Source document used: Clinical Intake Coordinator Email

Subject: Patient Intake Details - Marcus V. Holloway - ID #998234-AX

Dear Admissions Team,

I am writing to confirm the intake details for our new patient, Marcus Vincent Holloway, who is scheduled to begin his diagnostic assessment on February 12, 2026. Marcus has been under my care at the Summit Wellness Center for the past six months. 

During our last consultation on January 28th, Marcus explicitly requested that we be allowed to share his psychological evaluations and progress summaries with his primary care physician, Dr. Elena Rodriguez. He emphasized that he trusts Dr. Rodriguez completely regarding his long-term health plan and wants her to be looped in on all diagnostic outcomes. 

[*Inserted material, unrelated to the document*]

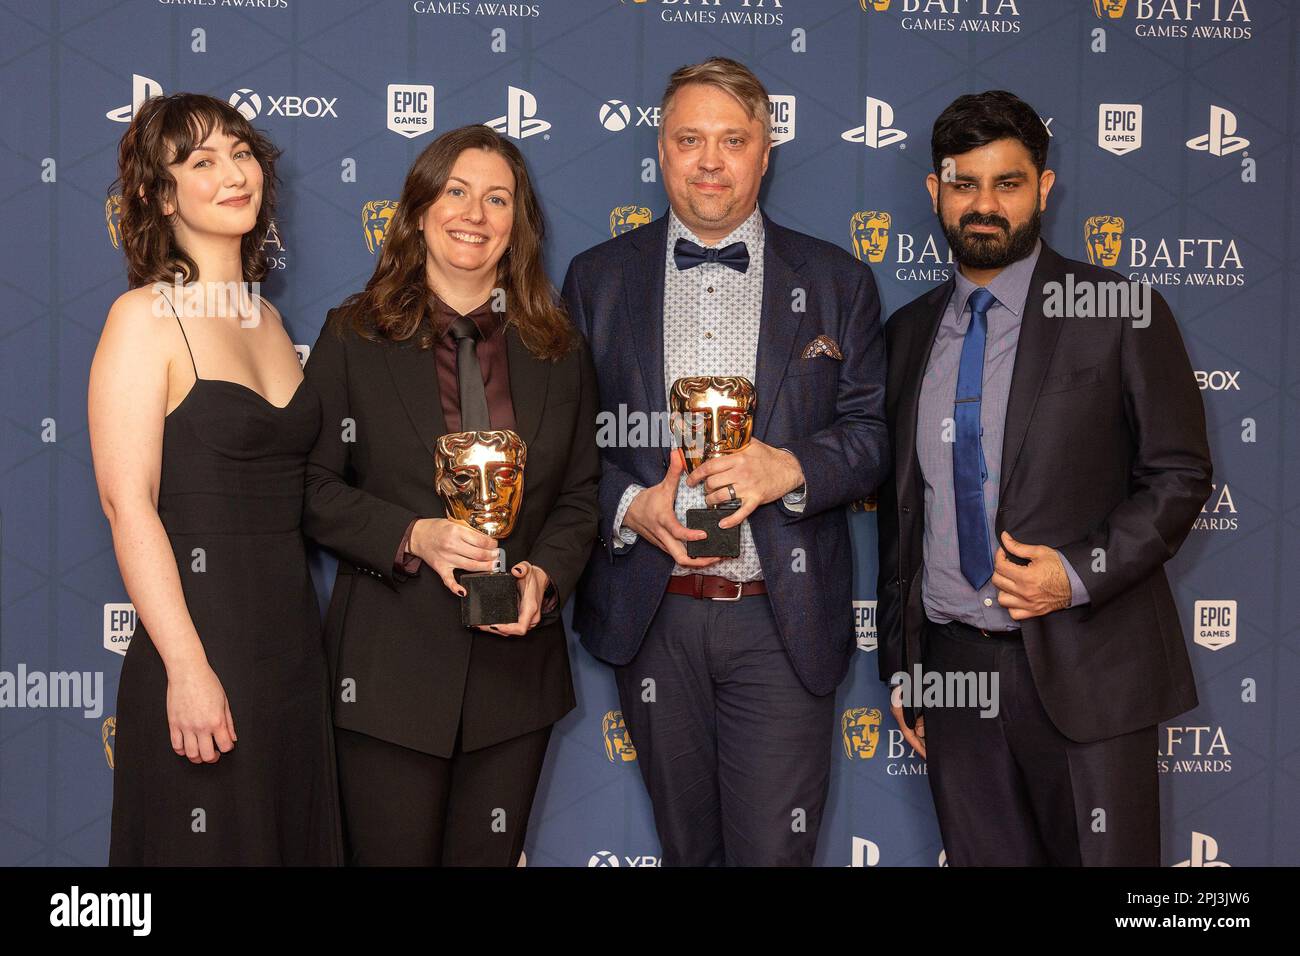 Game Of The Year 2017 Editor's Spotlight Awards - GameSpot
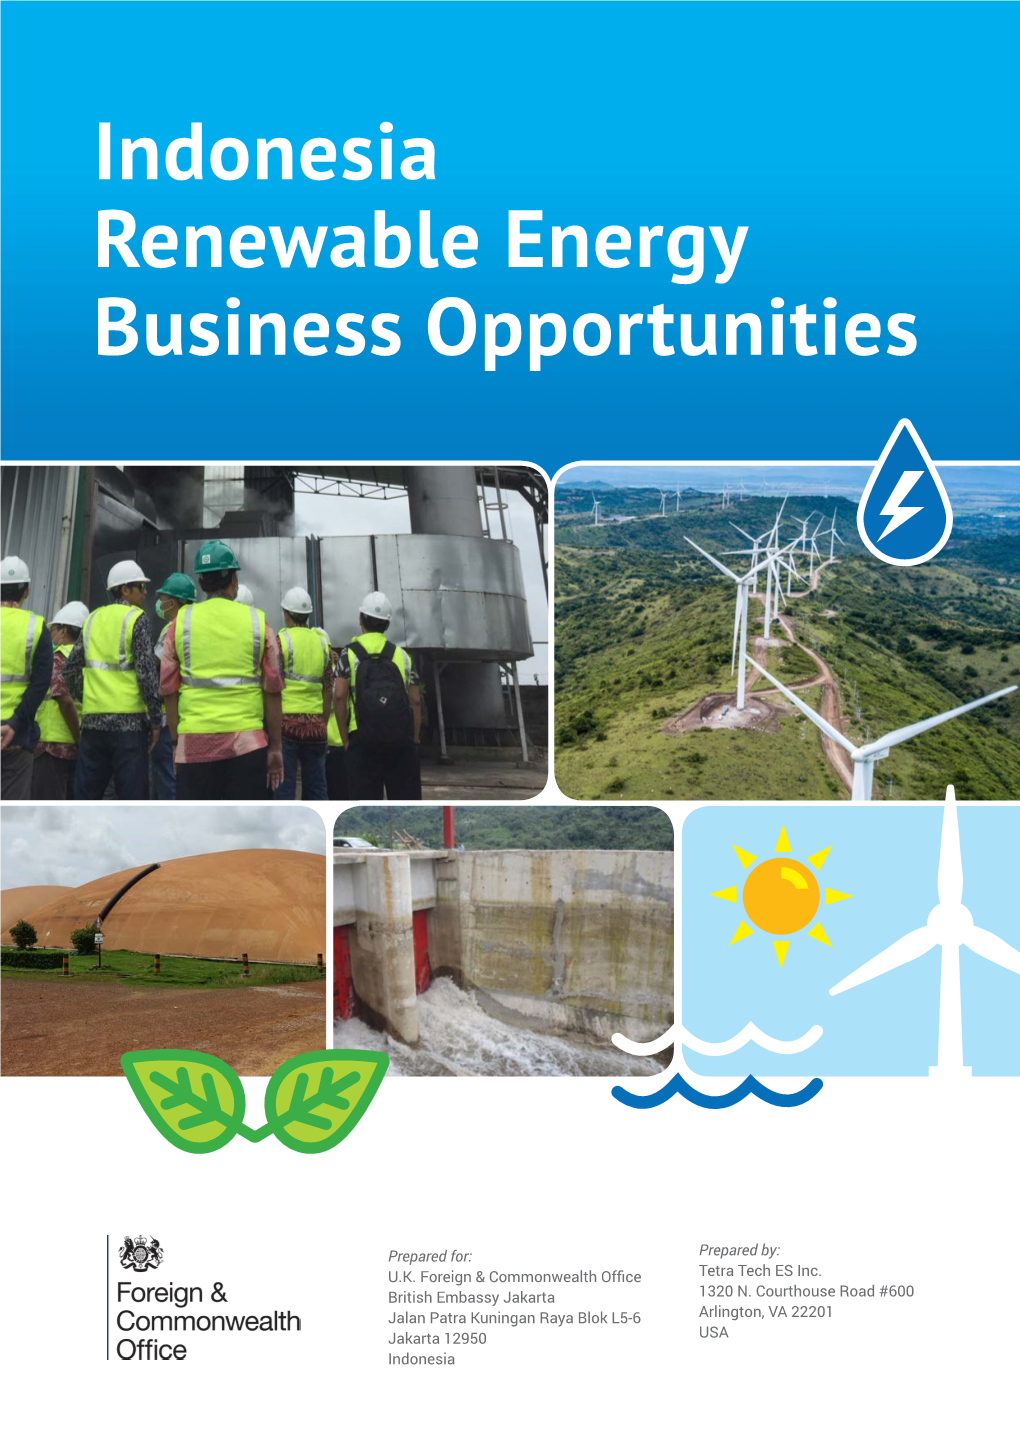 Indonesia Renewable Energy Business Opportunities

We have documented his preference in our internal portal. He has authorized the release of his medical history specifically to Dr. Rodriguez's office at 442 Oak Street, Suite 300, Denver, CO 80202. Please ensure that all correspondence is marked as 'Confidential: Patient Health Information.' 

Additionally, I’ve noted that Marcus is currently on a specific medication regimen for anxiety, but he requested that we withhold the detailed pharmacy logs from this specific disclosure. If you have any trouble processing these records, please reach out to my assistant, Sarah, at extension 402. We need this authorization form on file before he arrives on the 12th to ensure there are no delays in his care coordination. Thanks for your assistance in getting this paperwork sorted before his first session.